When you start jhat it reads the dump file and then listens on an HTTP port. You point your browser to that port (7000 by default) and through that you can browse the memory heap dump. It's a very convenient way of looking at what objects are in memory and how they are connected.

So, it seemed like a good idea to check out what can be done with these new tools to find classloader leaks.

... or not?

Unfortunately, jhat, just like the profilers we tried, also stops tracing when it encounters a class. Now what? I decided to download the JDK source code and find out what the problem is.  Building the whole JDK is a difficult task from what I gather from the documentation. Fortunately, jhat is a nicely modularized program; I could just take the com.sun.tools.hat-packages out of the source tree, load them in my favorite editor and compile the code. The patched code was easily packaged and run: I just jar-ed it and added it to the lib/ext directory of the JDK:
    jar -cf C:\\apps\\Java\\jdk1.6.0\\jre\\lib\\ext\\ahat.jar -C hat\\bin .
    jhat leak

This was really as easy as pie. So after running the program in the debugger for some time, I figured out how it works and what changes I wanted to make. The change is that when you follow the references from a classloader, the modified jhat will follow through all traces from all the instances of the classes that it loaded. With that change, finding the cause of a classloader leak is simple.

An example

Let's look at the example from my previous blog as depicted in the picture above. Using NetBeans I created the following servlet and deployed it to Glassfish:

 1 package com.stc.test;
 2
 3 import java.io.\*;
 4 import java.net.\*;
 5 import java.util.logging.Level;
 6 import java.util.logging.Logger;
 7 import javax.servlet.\*;
 8 import javax.servlet.http.\*;
 9
10 public class Leak extends HttpServlet {
11
12     protected void processRequest(HttpServletRequest request, HttpServletResponse response)
13     throws ServletException, IOException {
14         response.setContentType("text/html;charset=UTF-8");
15         PrintWriter out = response.getWriter();
16         out.println("<html><body><pre>");
17         Level custom = new Level("LEAK", 950) {};
18         Logger.getLogger(this.getClass().getName()).log(custom, "New level created");
19         out.println("</pre></body></html>");
20         out.close();
21     }
22+    HTTPServlet methods. Click on the + sign on the left to edit the code
48 }
49

I invoked the servlet to cause the leak. Next I undeployed the servlet. Then I triggered a heap dump:
    jmap -dump:format=b,file=leak 3144
and fired up the modified jhat:
    jhat -J-Xmx512m leak
and brought up the browser. The opening screen shows amongst other things, all classes that are found in the dump:

Finding objects that were leaked is easy since I know that I shouldn't see any objects of the classes that I deployed. Recall that I deployed a class com.stc.test.Leak; so I searched in the browser for the com.stc.test package, and found these classes (never mind the NoLeak class: I used it for testing).
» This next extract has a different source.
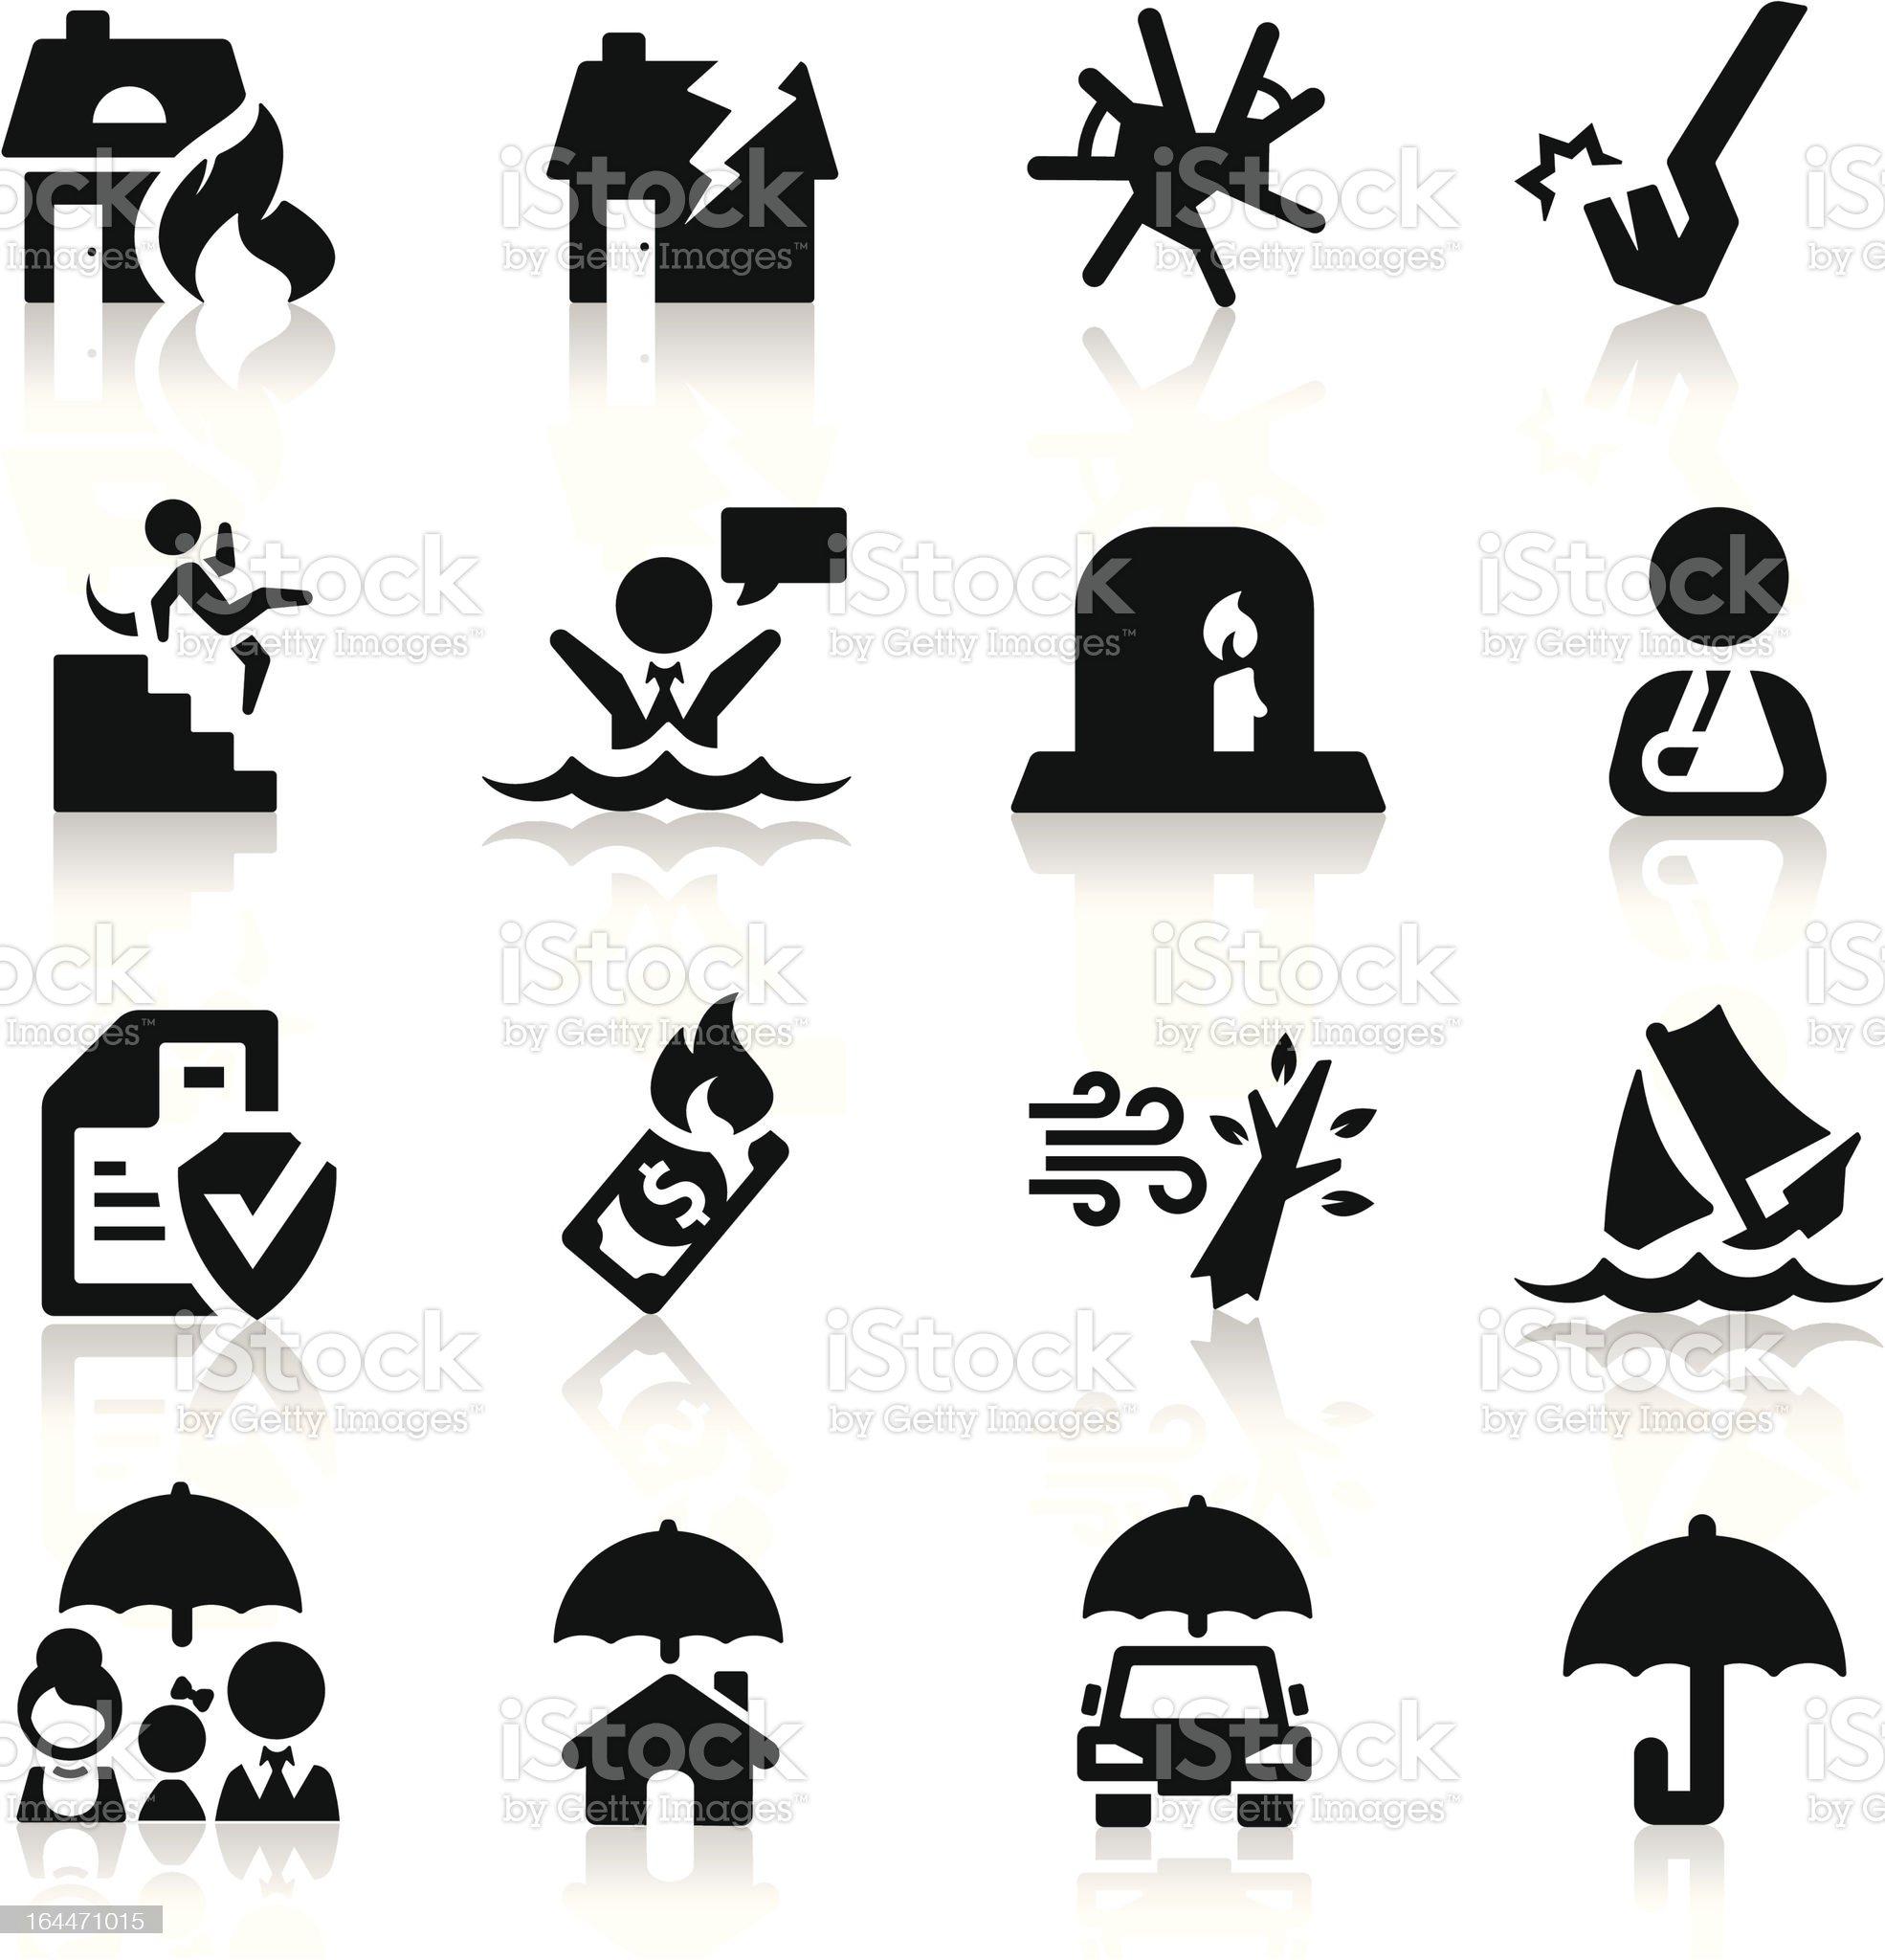 Insurance icons set Elegant series royalty-free stock vector art

Clicking on the link class com.stc.test.Leak brings up the following screen:


Clicking on the classloader link brings up the following screen:


Scrolling down, I see Reference Chains from Rootset / Exclude weak refs . Clicking on this link invokes the code that I modified; the following screen comes up:


And there's the link to java.util.Logging.Level that we've been looking for!

Easy as pie!

Summarizing, the steps are:

  1. undeploy the application that is leaking
  2. trigger a memory dump
  3. run jhat (with modification)
  4. find a leaked class
  5. locate the classloader
  6. find the "Reference chains from root set"
  7. inspect the chains, locate the accidental reference, and fix the code

I'll contact the JDK team to see if they are willing to accept the changes I made to jhat. If you cannot wait, send me an email or leave a comment.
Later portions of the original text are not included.